B.3.1.6 Sodium carbonate
Total alkalinity (as Na2CO3) is at least 98%.
Maximum sodium chloride (NaCl) content 1.0%.
Iron oxide (like Fe2O3) 0.01% max.
Water insoluble up to 0.5%.
Maximum fire loss 0.5%.
B.3.1.7 P-Toluene sulfonate.
P-Toluene sulfonate content 79% min.
Inorganic salts up to 9%.
Maximum humidity 4%.
pH (12% aqueous solution) 9 to 10
Chloride maximum 2.5%.
Sodium sulfate up to 5%.
B.3.1.8 Carboxymethylcellulose (CMC)
2% aqueous solution viscosity 1200 Cp min.
Sodium (Na) 6.5 to 8.5%
Ph 6.5 to 8
Maximum humidity 10%.
Chloride (as NaCl) up to 3%.
Heavy metals (such as Fe) 0.03% max.
Arsenic (As) up to 0.0002%
B.4 Product Powder
TYPICAL DISPOSAL POWDER
TAB. B.4.1 TYPICAL DETERGENT POWDER FORMULATION (1)
Bulk density 350 g/L
| Item No. | Ingredient | Percentage (%) | Remarks |
| 1 | LAS | 10 | |
| 2 | STPP | 16 | |
| 3 | Nonionic | 2 | |
| 4 | Sodium sulfate | 36 | |
| 5 | Sodium silicate | 12 | |
| 6 | Sodium carbonate | 8 | |
| 7 | Soap | 2 | |
| 8 | CMC | 1 | |
| 9 | Brightener | 0.1 | |
| 10 | Sodium Toluene sulfonate | 2 | |
| 11 | Enzyme | 5 | |
| 12 | Perfume | 0.1 | |
| 13 | Moisture | 5.8 | |
| | Total | 100 | |
TAB. B.4.2 CÔNG THỨC BỘT KHỬ MÙI TIÊU BIỂU (2)
Bulk Density 280 g/L
| Item No. | Nguyên liệu | Phần trăm (%) | Nhận xét |
| 1 | LAS | 21 | |
| 2 | STPP | 21 | |
| 3 | Sodium carbonate | 3. | |
| 4 | Sodium sulfate | 38 | |
| 5 | Sodium silicate (on dry basis) | 9.2 | |
| 6 | CMC | 1 | |
| 7 | Sodium P-toluene sulfonate | 1.5 | |
| 8 | Perfume + Alcohol | 0.25 | |
| 9 | Moisture | 5 | |
| | Total | 100 | |
B.5 Utility Requirements
Coolant
Maximum temperature. 30 C
Increase the temperature approx. 7 C
Minimum pressure. 3 bars
neutral pH value
Maximum chloride content. 60 mg/l
No solids.
Electric Energy
3 phase AC 3 PNE 50 Hz
Service voltage 220/380 V AC
Accepted variations:
voltage 5%
Frequency 3%
Steam
Minimum pressure. 3 bars
Saturated and dry
Instrument
Minimum pressure. 6 bars
Maximum particle size. 5 m
Particle density max. 1 mg/Nm3
Maximum oil content. 1 mg/Nm3
Minimum dew point. -20 C
B.6 Economic and technical parameters
B.6.1 Capacity of one (1) t/h of product cleaning powder when the plant is in normal operation.

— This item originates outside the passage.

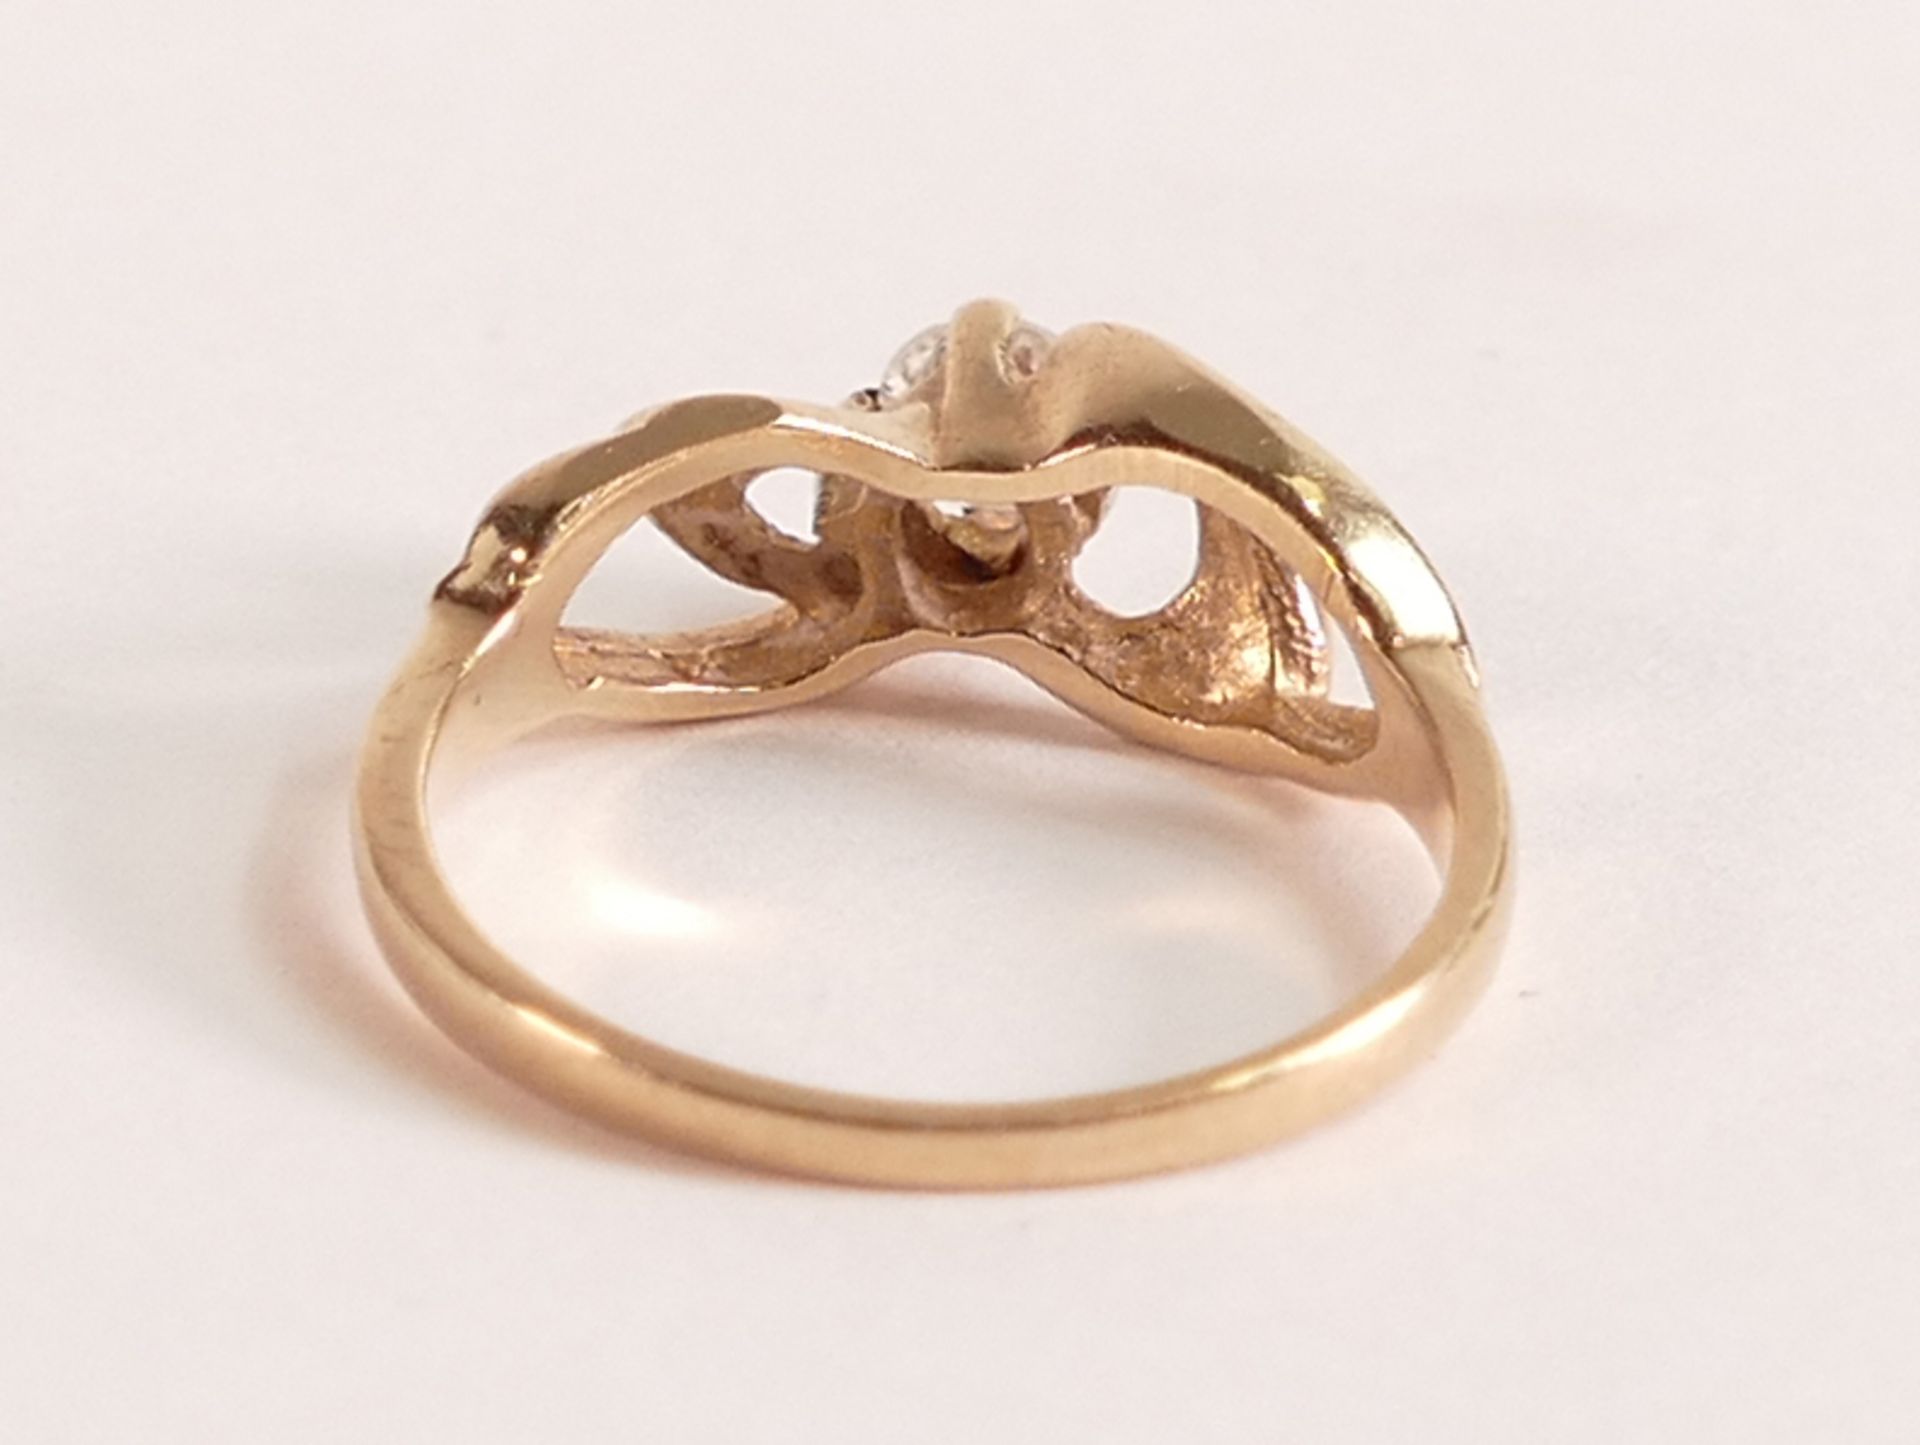 9ct yellow gold diamond ring, 1.9 grams, ring size J. - Image 3 of 3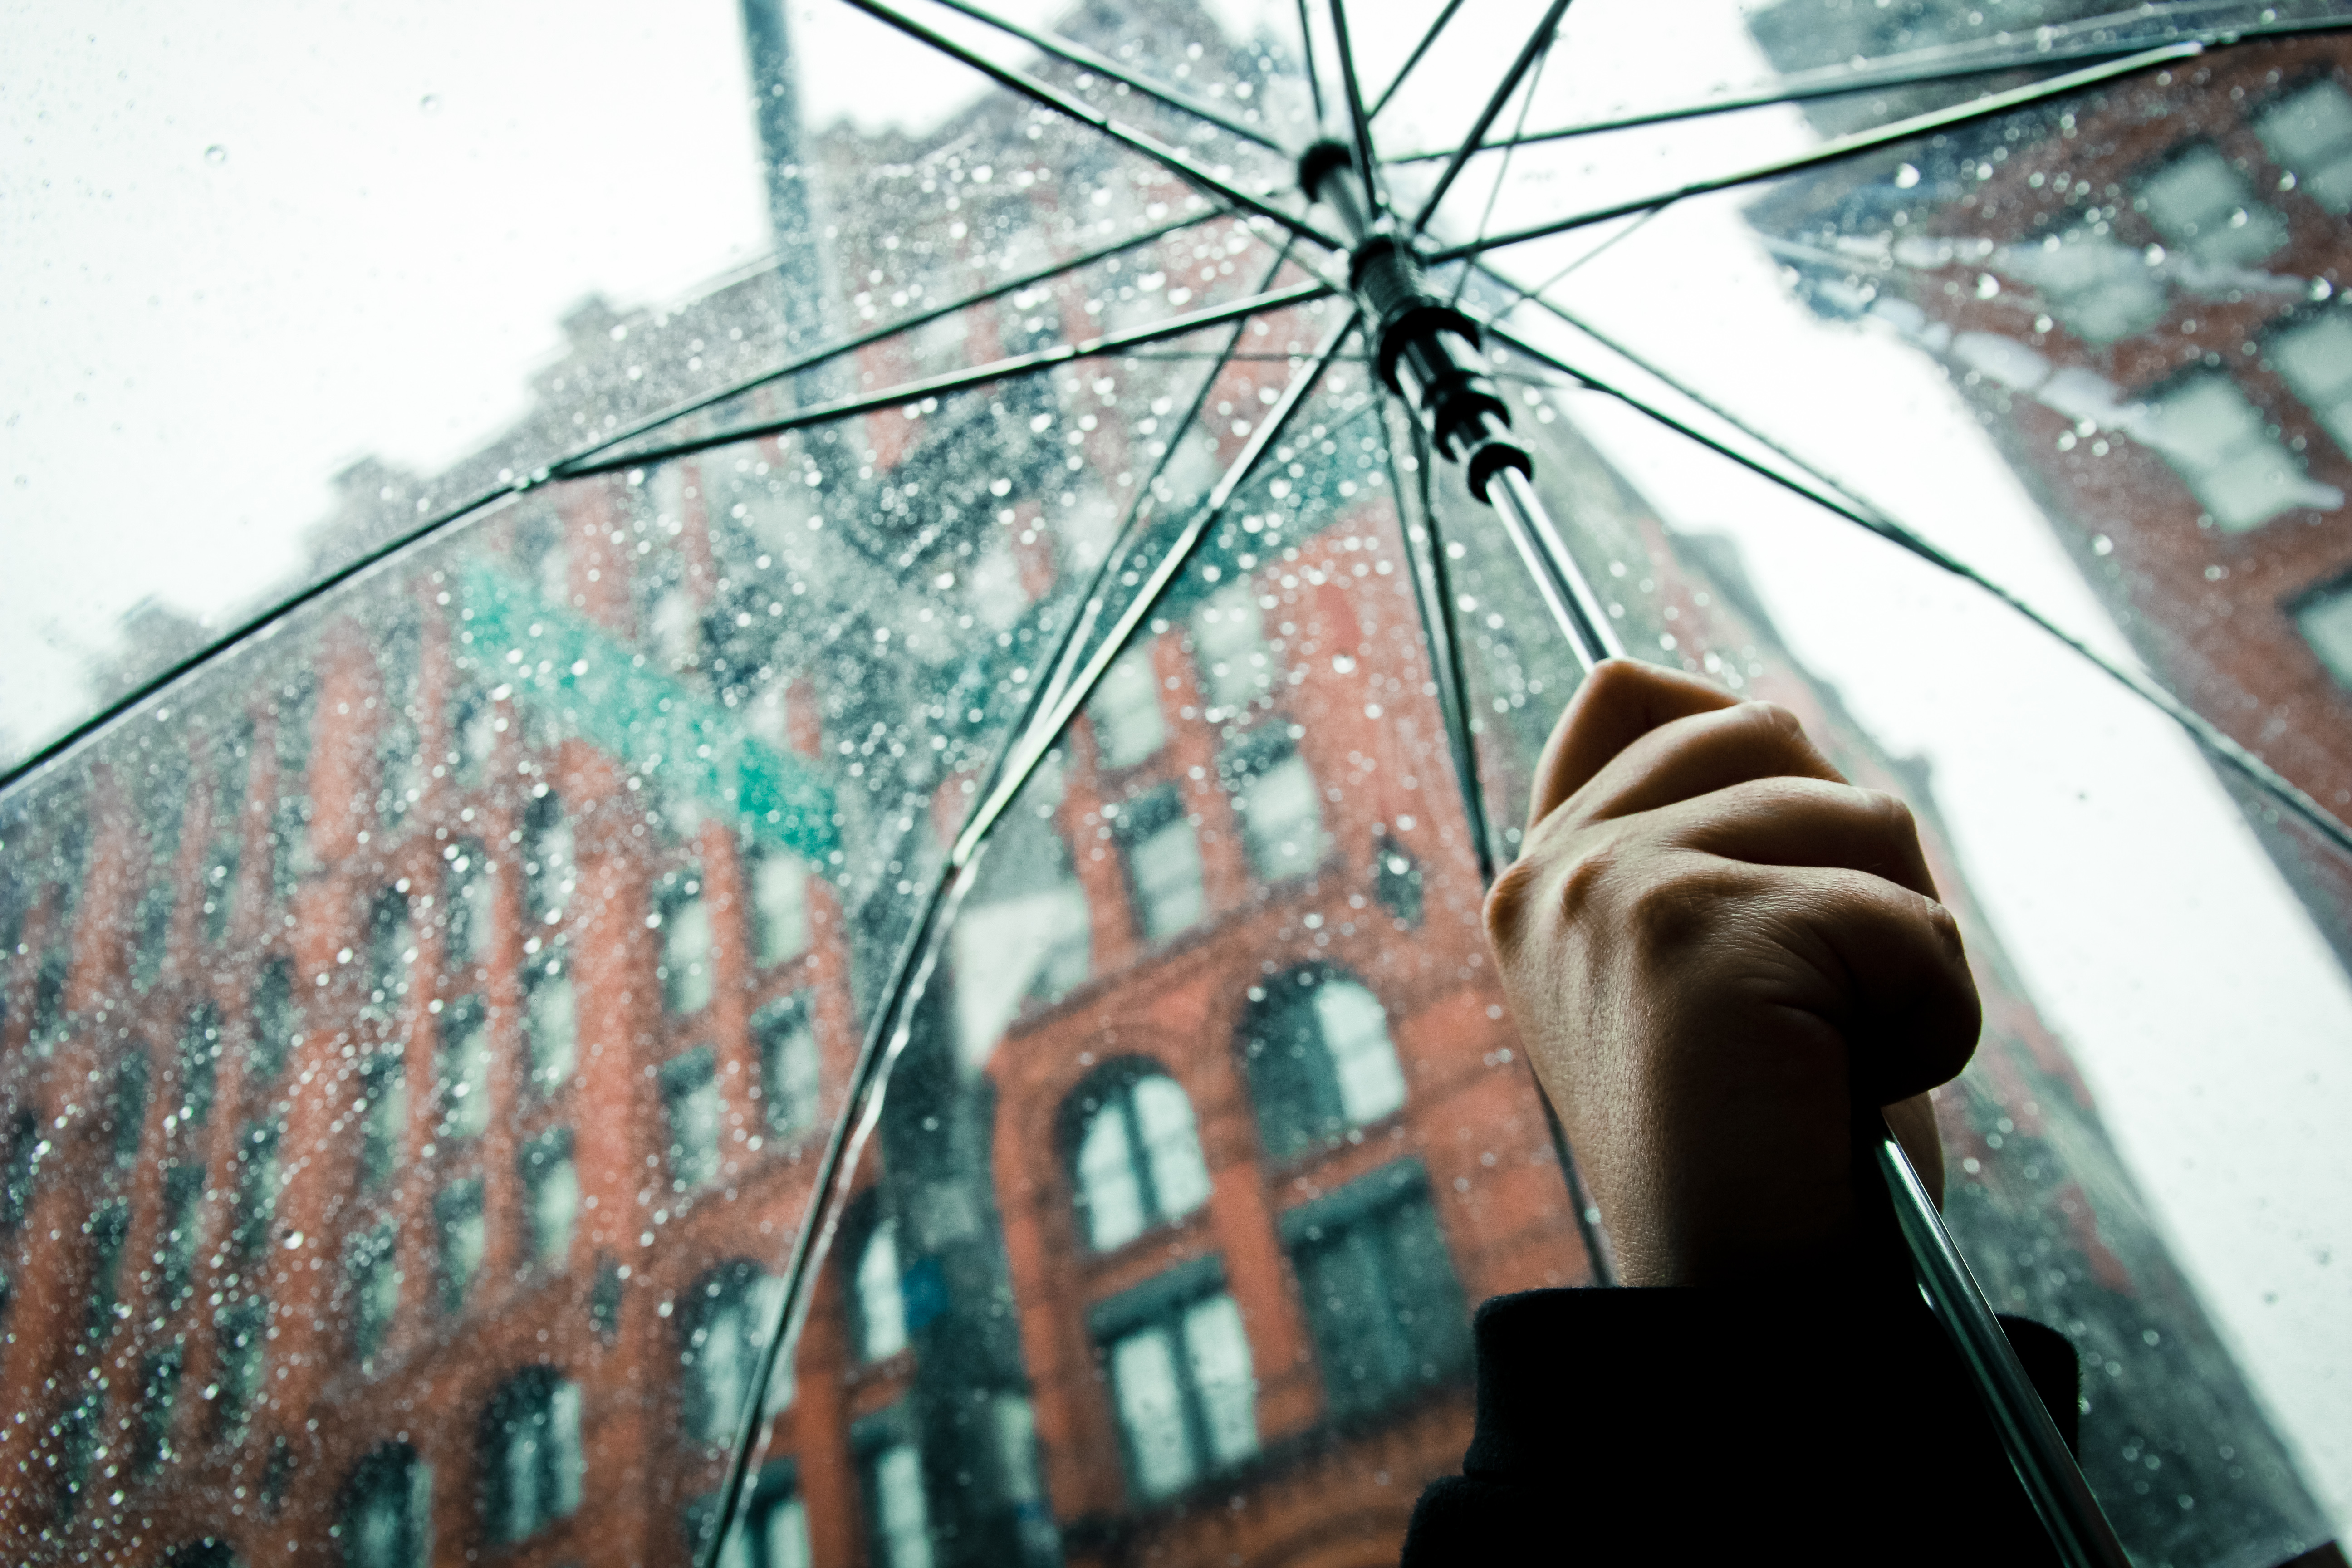 New York facets - Umbrella cover [Explored]

B.6.2 Operating conditions
Operating data (for reference only)
Sludge concentration (%) 60 to 65
Sludge temperature (C) 65 to 70
Injection pressure (bar) 20 to 40
Hot air at the inlet of the Drying Tower (C) 300 to 360
Hot Air Temperature at Hot Air Generator outlet (C) 320 to 380
Exhaust gas temperature (C) 90 to 95
Negative pressure at the top of the drying tower mm H2O -5 to -10
Negative Pressure in Hot Air Generator mm H2O -1 to -3
B.6.3 Raw Material Consumption
Sulfonic acid per kg of LAS (sodium dodecylbenzene sulfonate) active agent: 970 kg
Caustic soda/kg active substance (LAS): 120 kg (dry).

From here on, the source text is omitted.